7 On Your Side: Saving big bucks on prescription drugs

Wednesday, August 23, 2017 06:31PM
Nina Pineda provides money-saving tips on prescription drugs.


NORTHVALE, New Jersey - Deductibles are going up, co-pays are shrinking and drug prices are outpacing inflation, but here are some great ways to save when you fill your next prescription.

We price compare for everything from shoes to SUV's. So why not for medicine? Especially for those uninsured, there are way to save thousands a year.

Shrinking your pill bill may start with a few clicks. ScriptSave Well RX compared the generic form of the cholesterol drug, Crestor, across the tri-state area.

It could cost you as much as $105.77 for a 10mg month's supply but according to SciptSave Well Rx, using it's service and savings card, you could price shop that cash, no insurance price down to $16.70. A savings of $89.07.

"It just pays to be a smart consumer, even in healthcare, you need to be a healthcare consumer, instead of a healthcare patient," said Shawn Ohri, of ScriptSave WellRX.

Big box stores, groceries and drug stores all offer membership clubs and discount cards to save on the sky-rocketing cost of medicine.

Free memberships in online services like ScriptSave WellRx and GoodRx, websites that provide coupons and negotiate discounts with pharmacies, allow your fingers to do the walking before you do the running around.

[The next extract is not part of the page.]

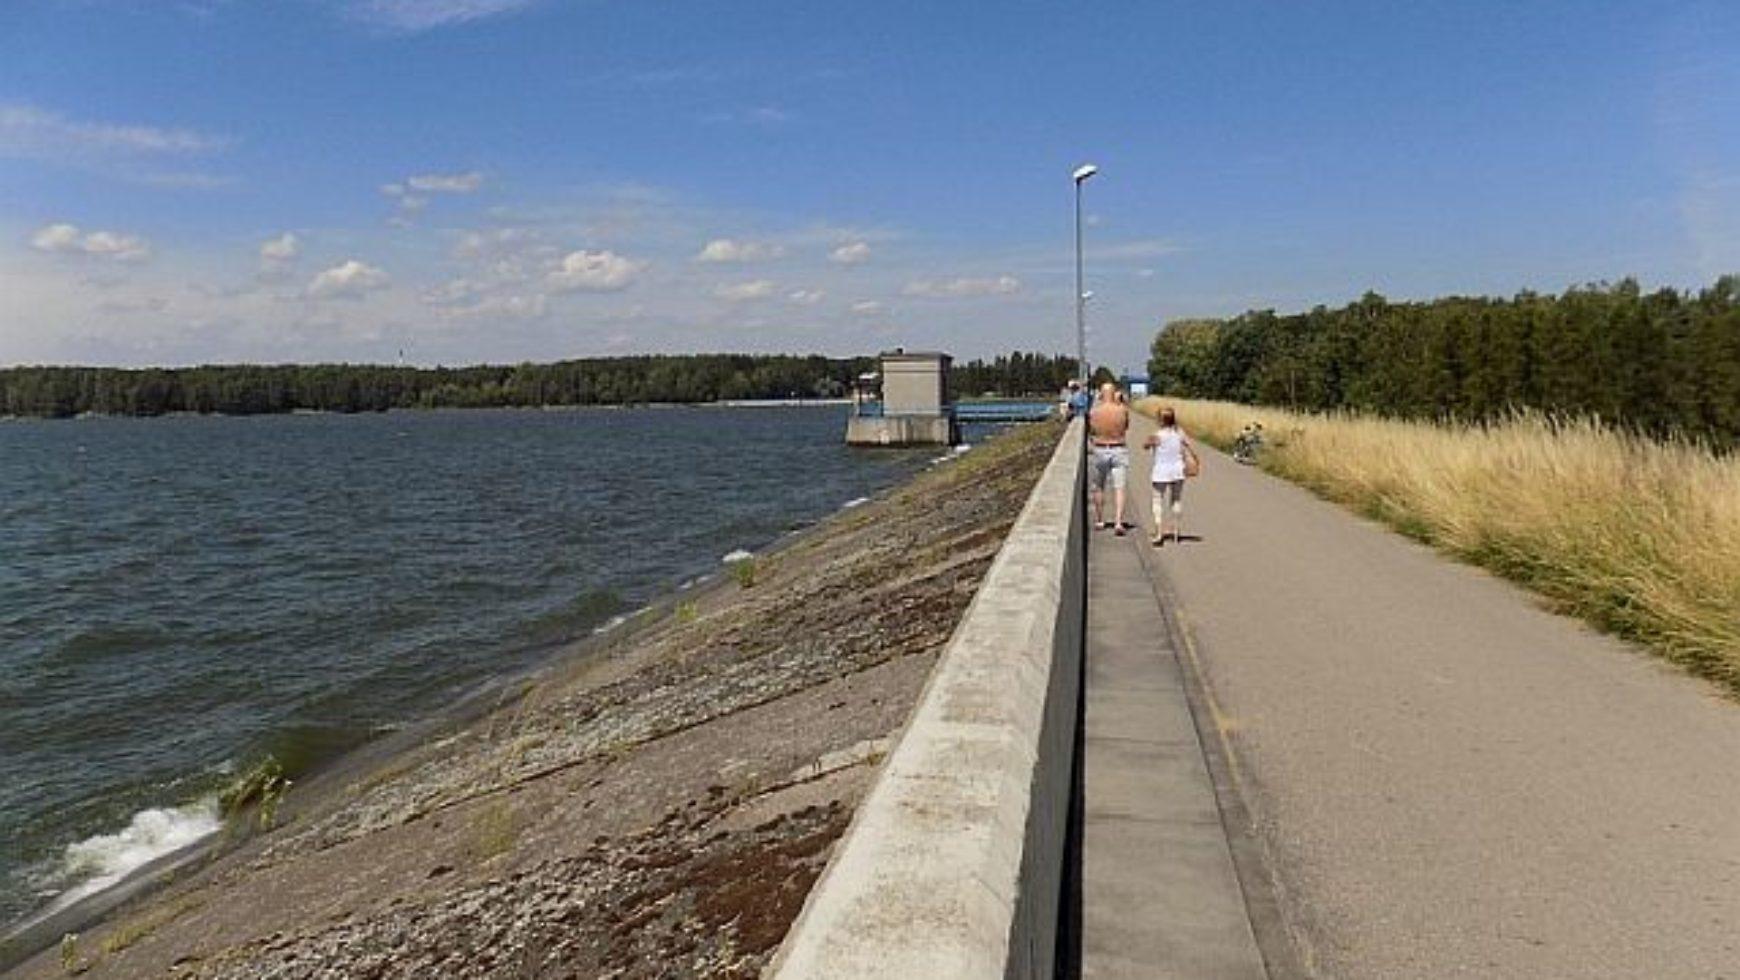 Event nad wodą – Jezioro Goczałkowickie i okolice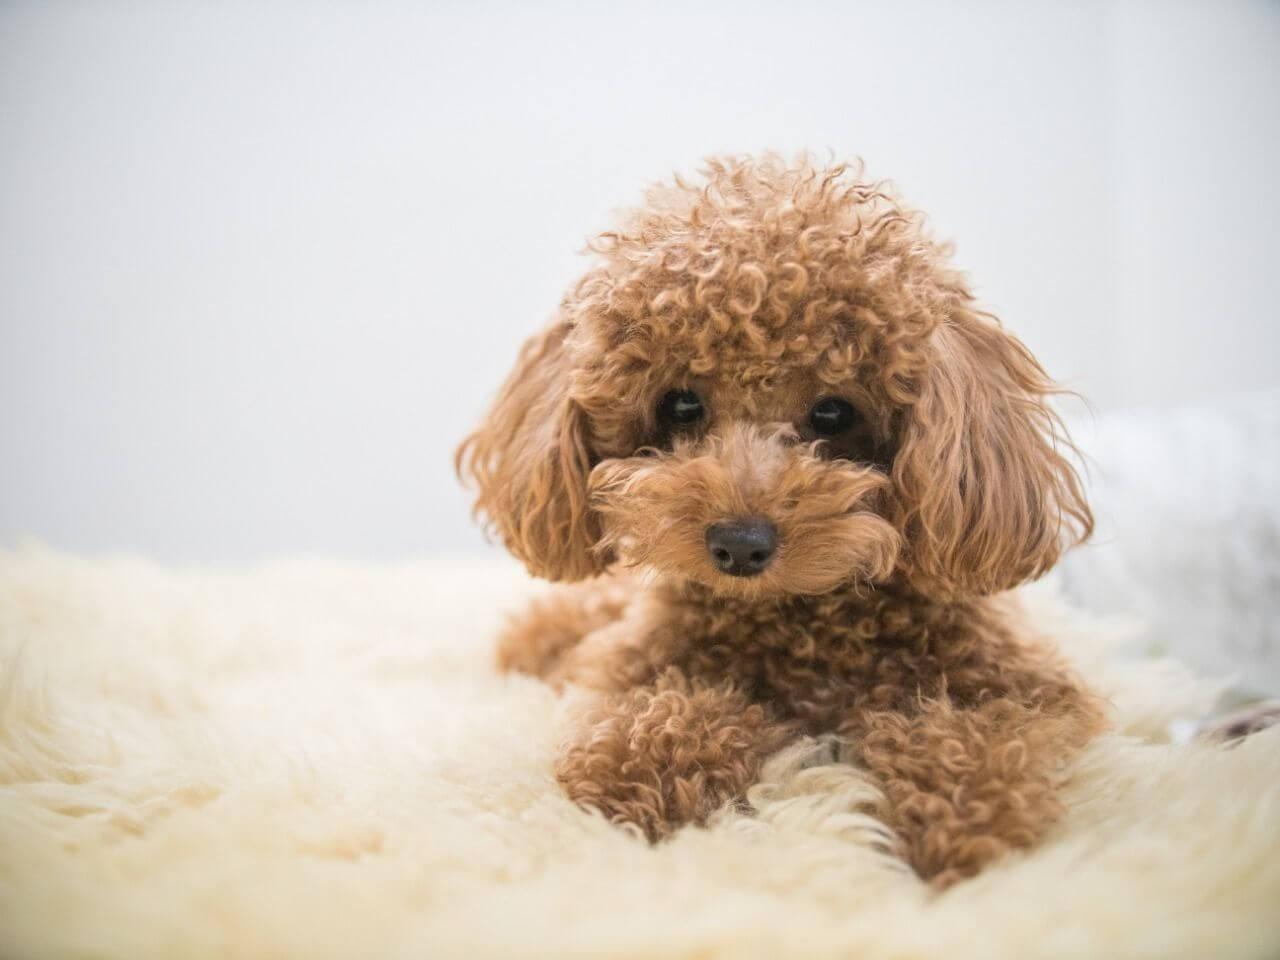 Loài chó Poodle đáng yêu

"There's many cases where we can actually beat your insurance co-pay or if you're in a high deductible health plan there are many cases where our price may be lower," Ohri said.

For example, according to WellRx, in the low-income areas of the Bronx, the generic version of the popular sleep aid, Lunesta,for someone with no insurance can cost six times more at one store than at a pharmacy less than a mile away.

At Us Pharmacy lab in Northvale, New Jersey, Pharmacist David Yoon feels the comparison services are a good starting point for consumers looking to save.

"It's not 100-percent accurate, but it gives you a ball park figure who's cheapest in your neighborhood," Yoon said.

Ohri suggests always calling the pharmacy to get an updated actual price. And, most importantly, steer clear of expensive name brand medication if it's okay with your doctor to use the generic form.

"The price difference is astronomical. Sometimes the brand names can cost 50 to 100 times more, especially in the cases where you don't have insurance," Yoon said.

Pharmacists also recommend no matter where you are filling your scripts, consider the relationship with the provider and the safety which comes with having all your records on file.

The big takeaway: There are other ways to save. Ask your pharmacy what the cash or retail price of your prescription is it just might beat your insurance price. Price match. If you see a lower price somewhere else, ask your pharmacy to match or beat it. If they want to keep your business they will. And ask your doctor about an assistance program. If you qualify, you could get the prescription for free.